Dataset content: Begin

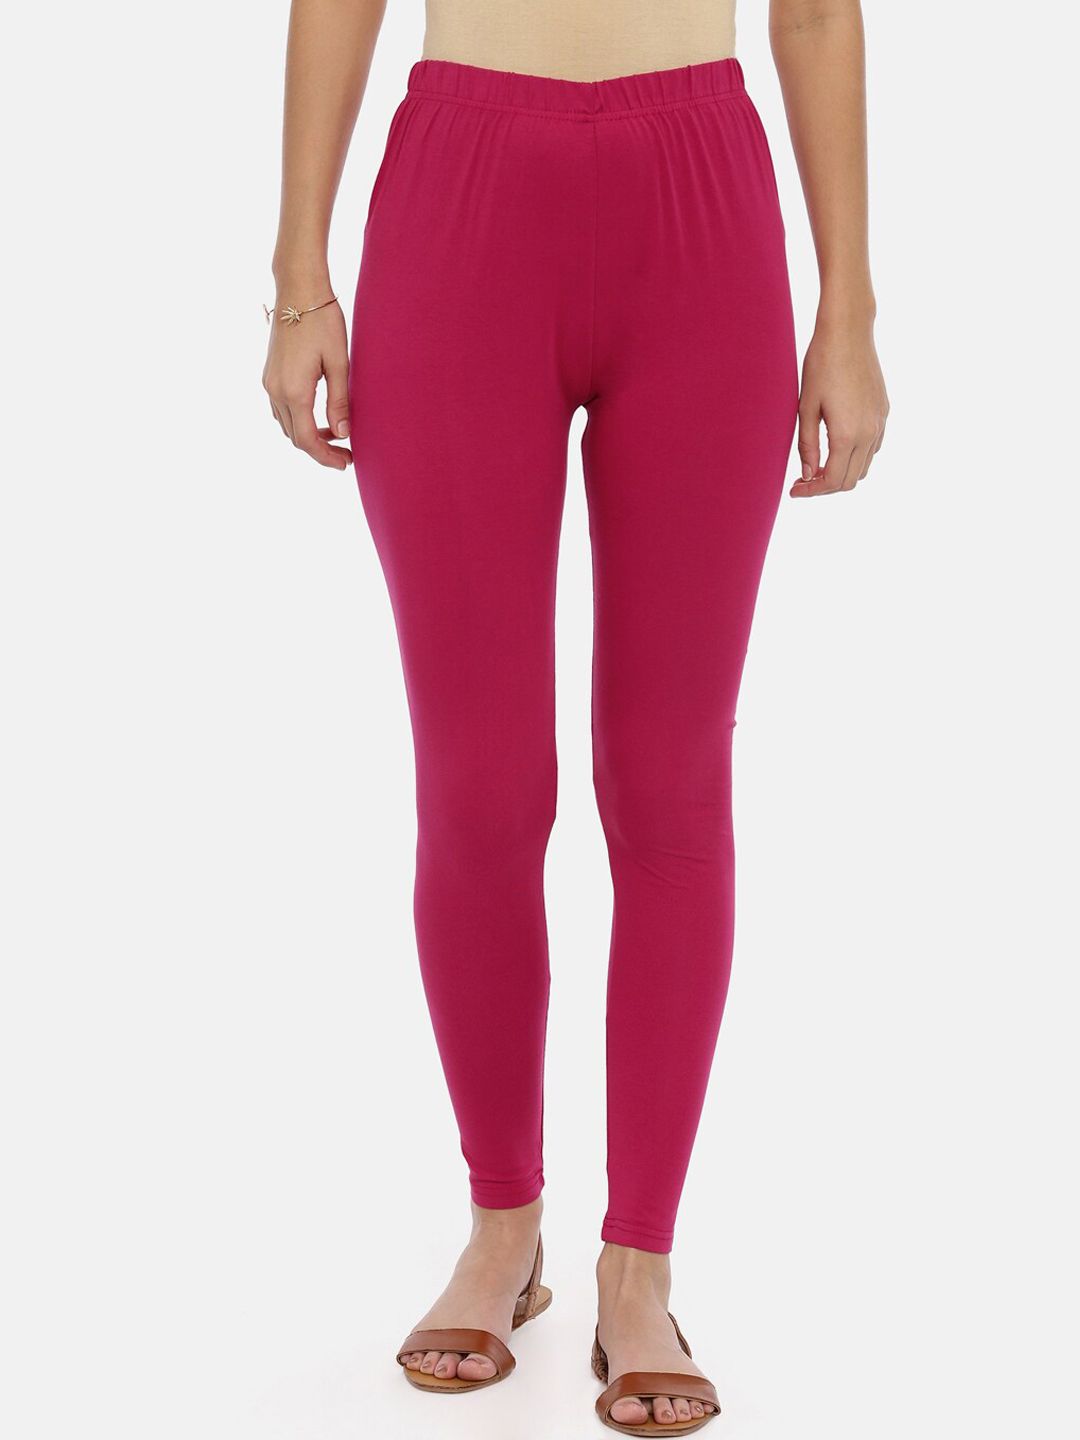 Souchii Women Magenta Solid Slim-Fit Ankle-Length Leggings Price in India
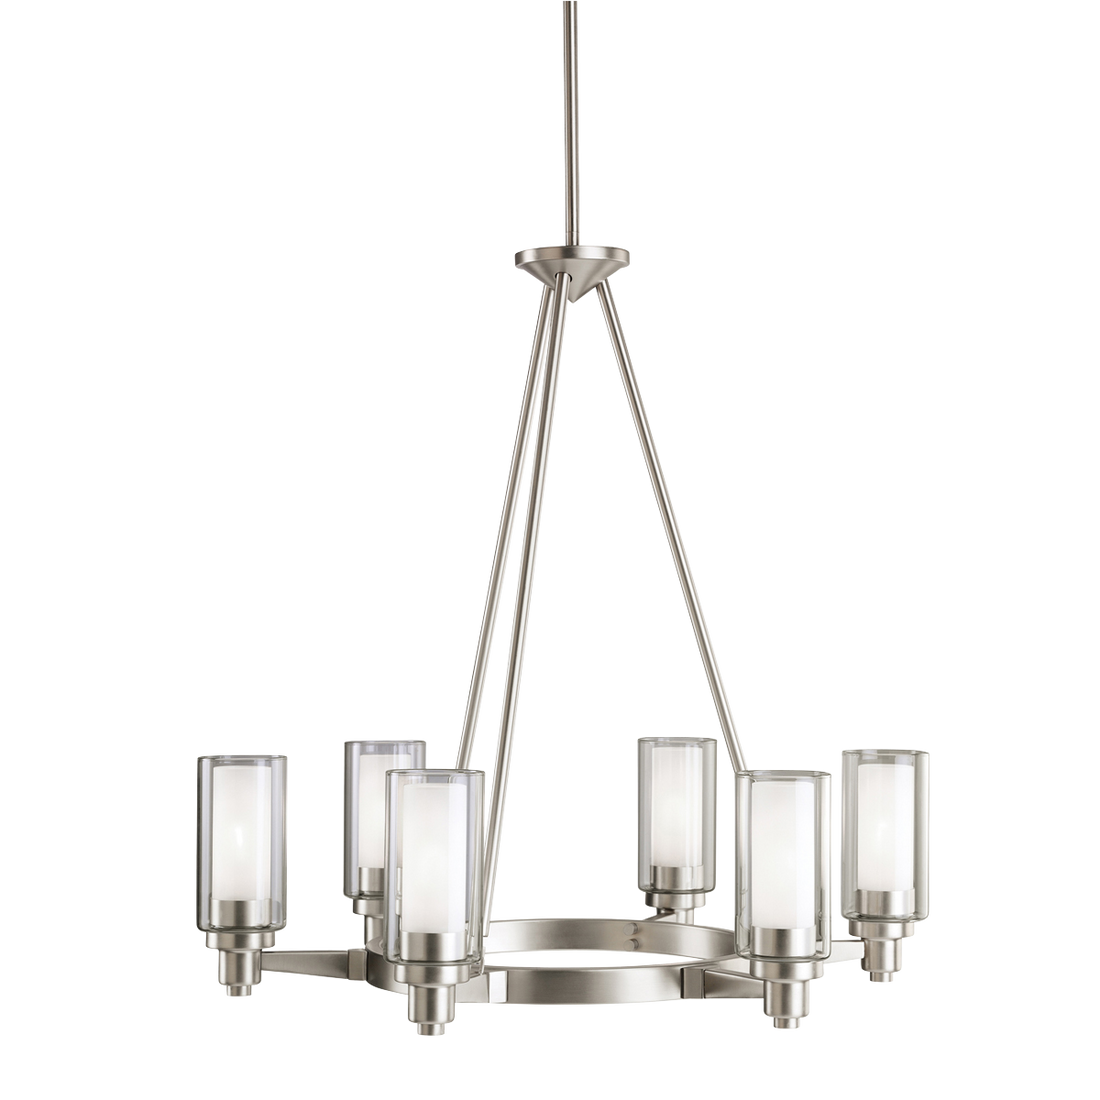 Circolo 5-Light Chandelier in Brushed Nickel, by Kichler, 2344NI
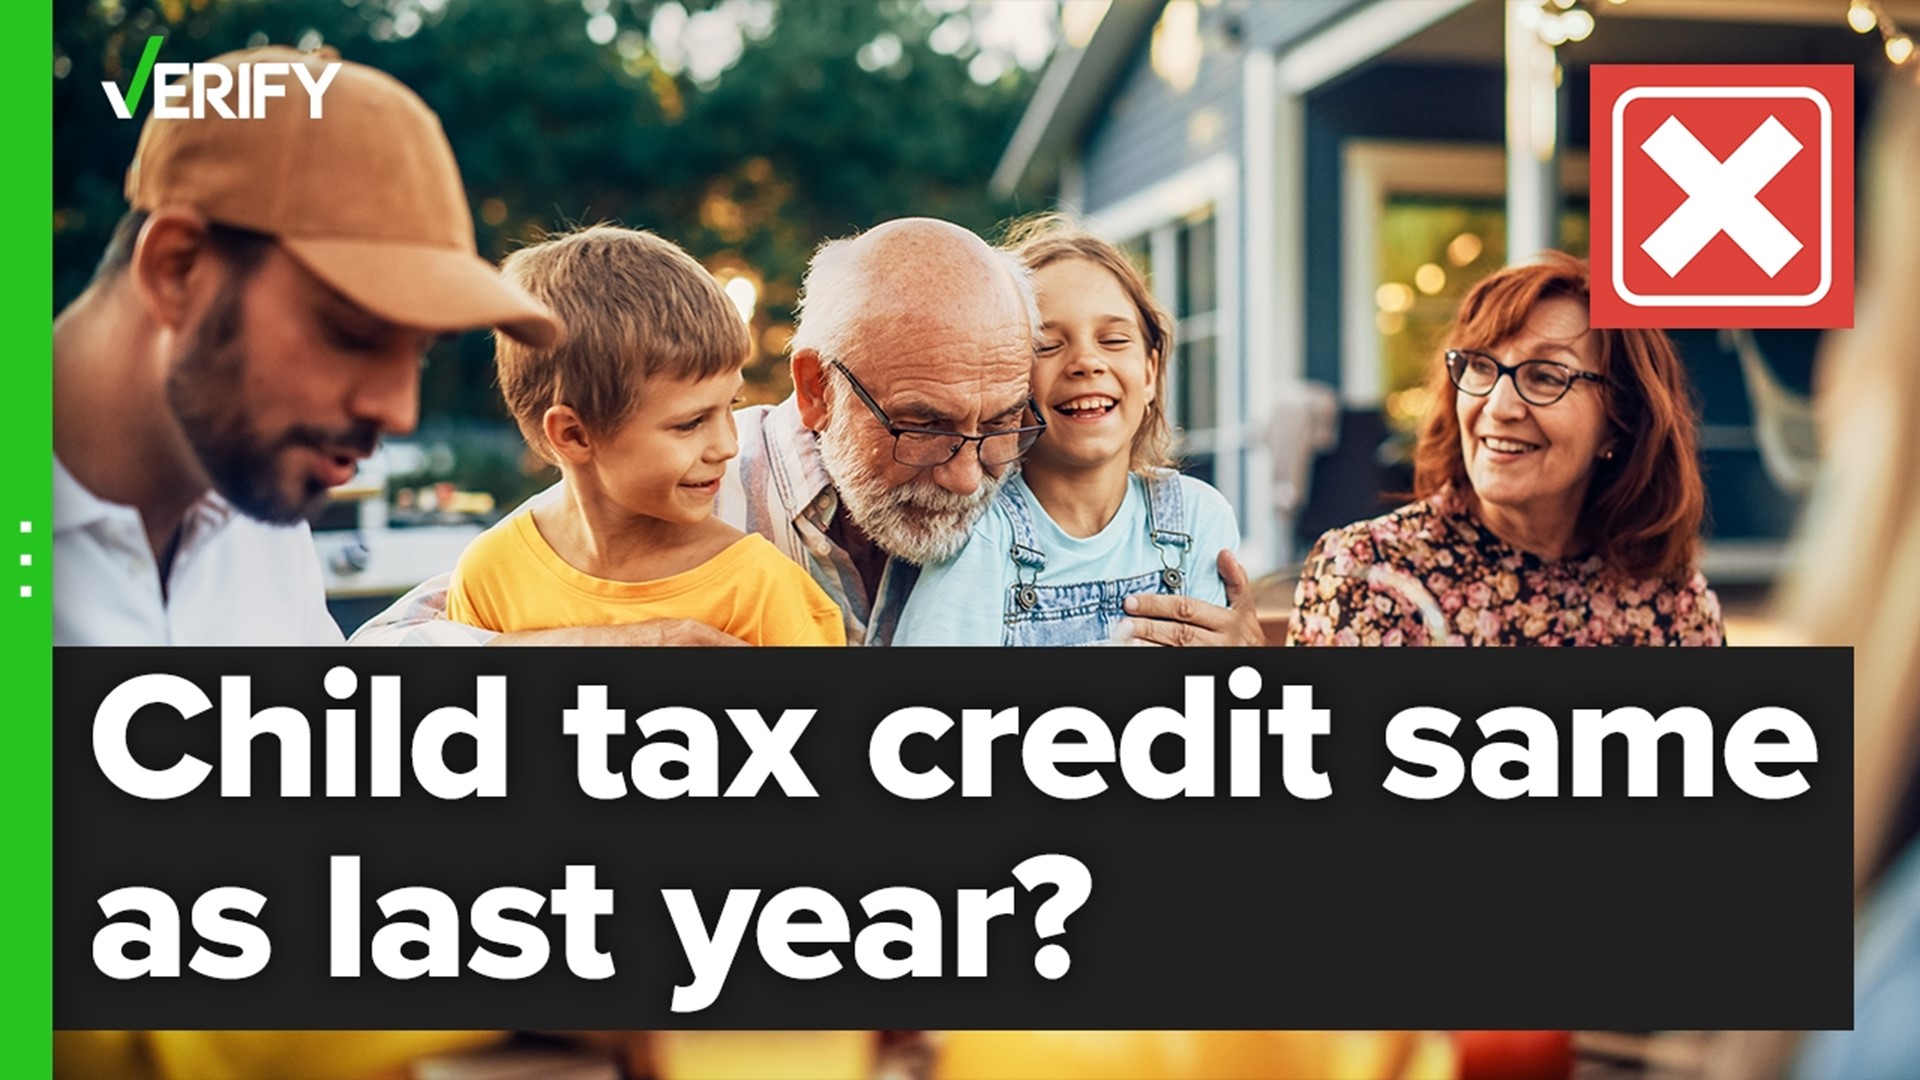 Parents should expect a smaller refund in 2023 due to the child tax credit amount going down. Here’s what to know about income limits and other requirements.

Dataset content: End

> **What is being asked**
Could you give back the full listing word for word, leaving out the images?

> **Reply**
 Souchii Women Magenta Solid Slim-Fit Ankle-Length Leggings Price in India
 Circolo 5-Light Chandelier in Brushed Nickel, by Kichler, 2344NI
 Parents should expect a smaller refund in 2023 due to the child tax credit amount going down. Here’s what to know about income limits and other requirements.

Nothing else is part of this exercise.